Nickel fell to a 13-year low of $7,725 a tonne ($3.50 a pound ) in February last year; then rallied to more than $11,700 by mid-November only to fall back nearly 20% to trade at a six-month low on Friday.
Nickel, mainly used as an anti-corrosive in steel alloys, rallied in 2016 on the back of a clampdown on mines in the Philippines which took over as the main supplier to China following an ore export ban in Indonesia in place since 2014.
The market was rocked earlier this month when Indonesia abruptly announced a partial lifting of the ban allowing exports of up to 5.2 million tonnes of nickel ore this year.
In a new report Capital Economics, a London-based independent research house, believes of all industrial metals, the nickel price has the best prospects to improve adding that “the market is tightening [following years of underinvestment in new mines] and it is still too soon to say what the partial lifting of Indonesia’s ban on ore exports will mean for supply.”
In addition supply from the Philippines may remain constrained. Final results of an audit of the mining sector in the Asian nation ordered by President Duterte is expected this week.
Some 11 mines have already been shut down for failing to comply to stricter environmental rules and a further 20 are under threat. Capital Economics says ultimately 50% of the country’s mining capacity could be closed:
However, there are other sources of supply, notably from New Caledonia, that are chomping at the bit to take market share. In late December, the New Caledonia government approved requests from nickel miners to export over 2 million additional tonnes of ore to China. (The government restricts ore exports in a bid to encourage domestic processing.)
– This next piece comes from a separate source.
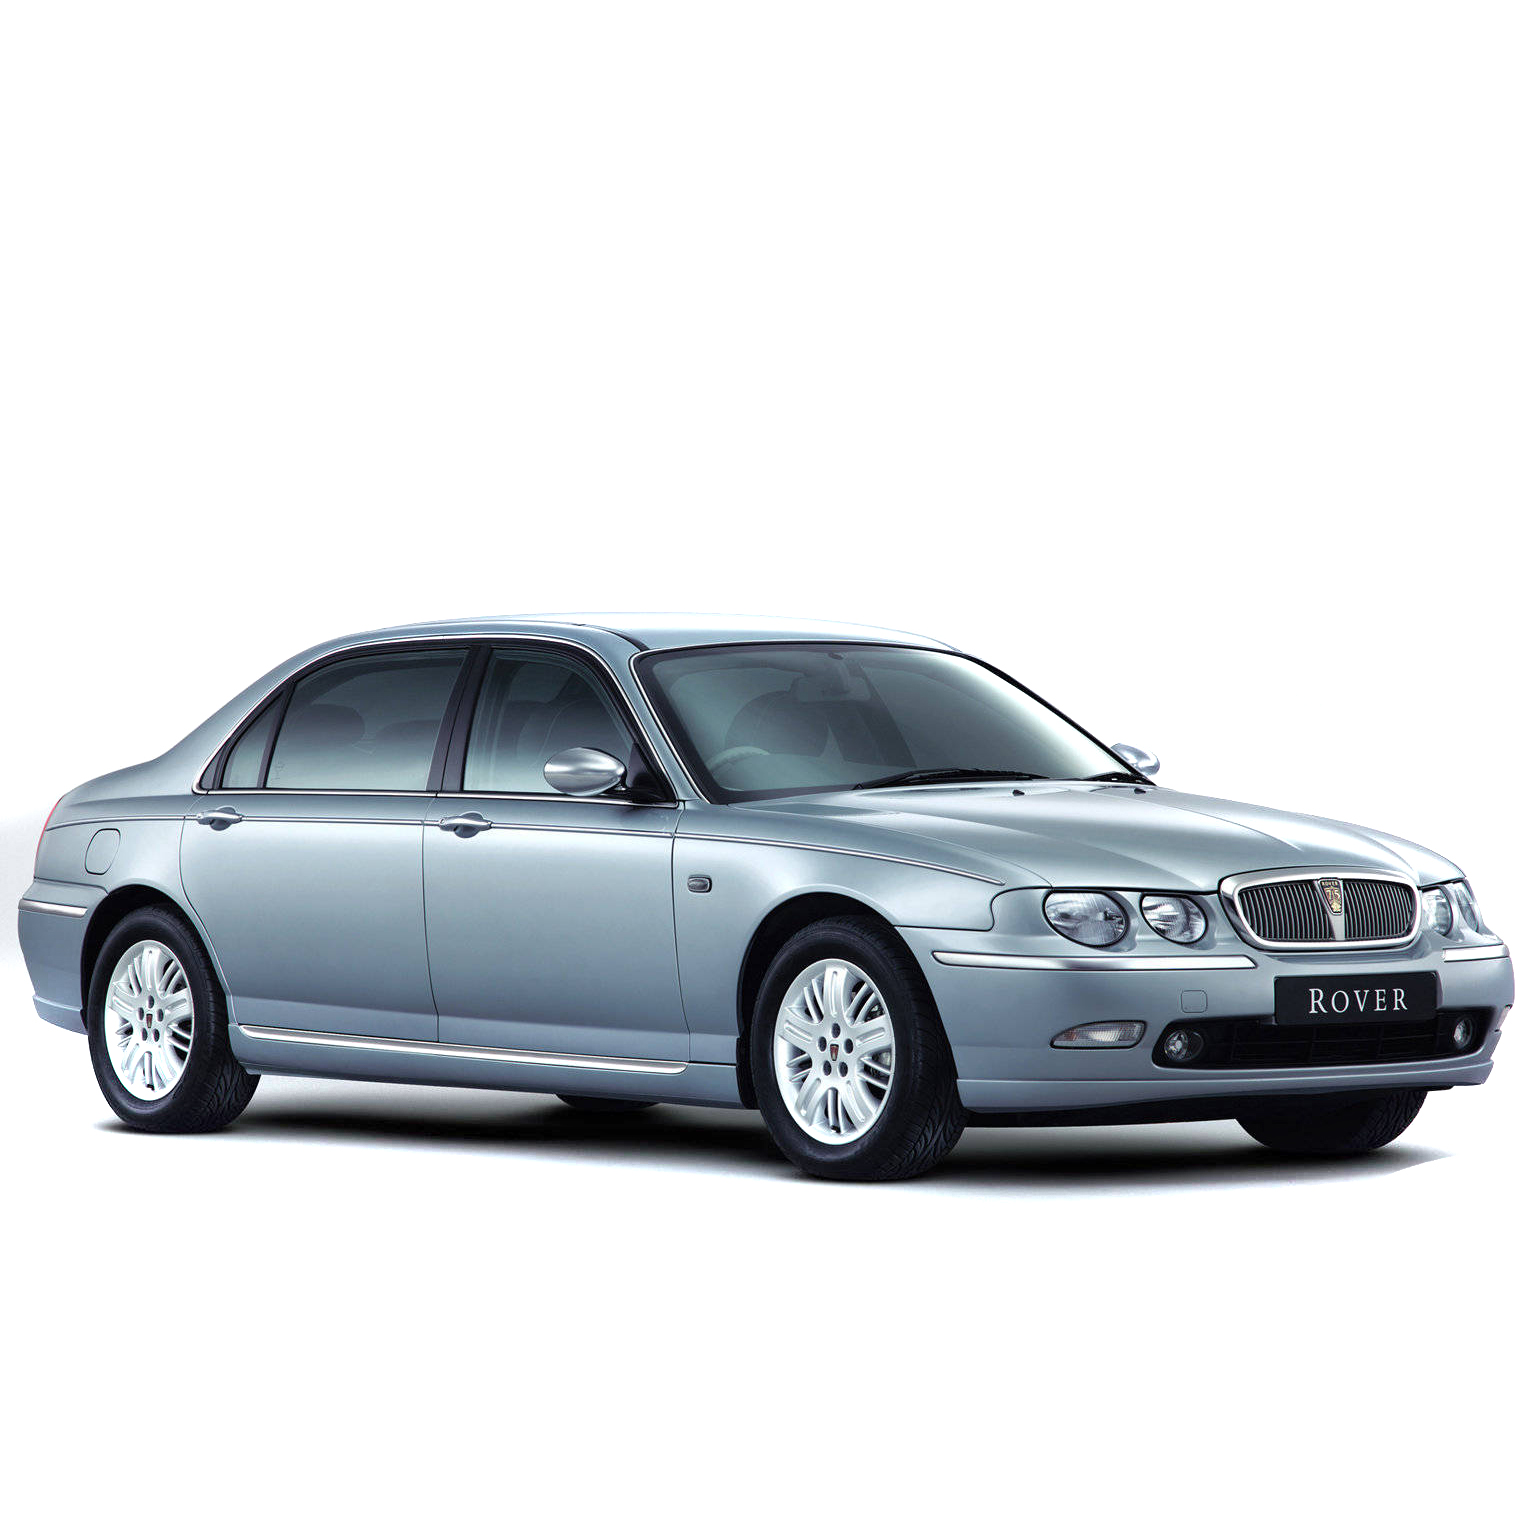 Rover 75 2001-2004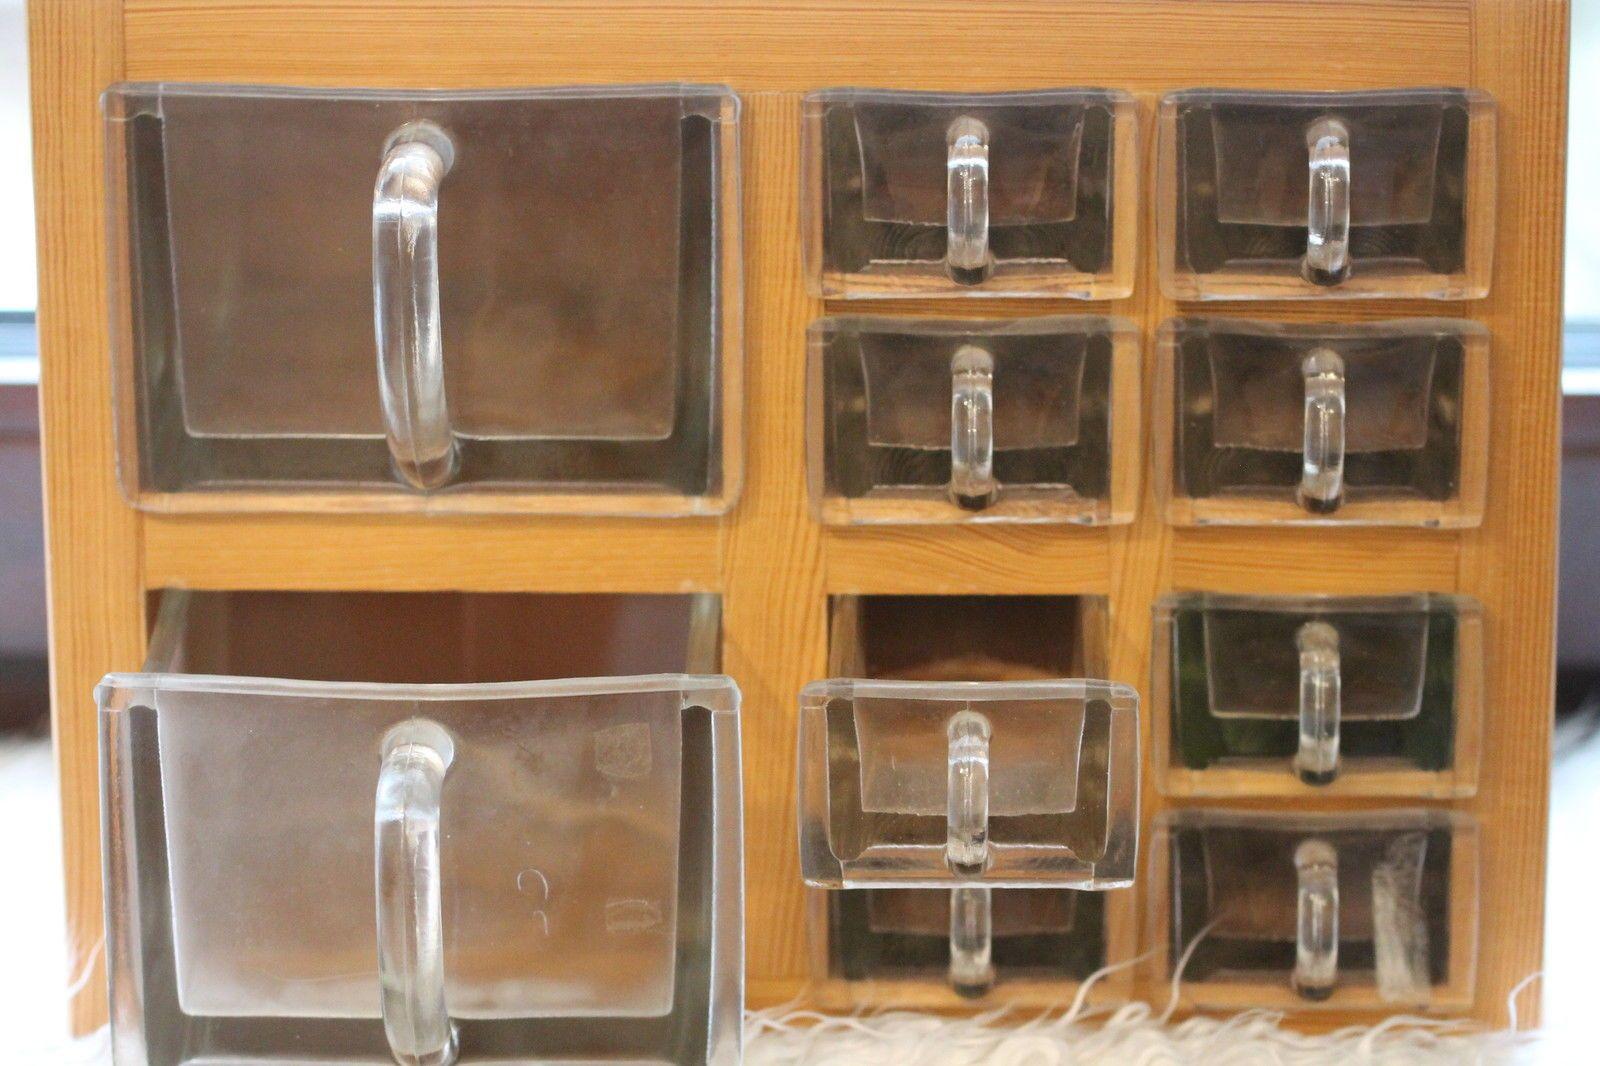 glas sch tten regal 10 sch tten massiv holz von mitheis kitchencorner pinterest regal. Black Bedroom Furniture Sets. Home Design Ideas

On the demand side Capital Economics estimated growth in 2016 at a robust 6.2%, but the firm warns that China’s stainless steel production have have ran ahead of demand last year. Demand for nickel could get a bump from fiscal stimulus in the US, but given the relatively small global share of US nickel consumption, the impact may be limited.
Notwithstanding the likelihood of slower growth in demand, Capital Economics continues to expect that the market will record another deficit in 2017 putting a floor under prices in 2017.
Capital Economics sees the price of nickel climbing to $11,500 per tonne by the end of the year (that’s a 20% jump from today’s price), with further upside predicted in 2018. That makes nickel the metal Capital Economics is by far the most bullish about.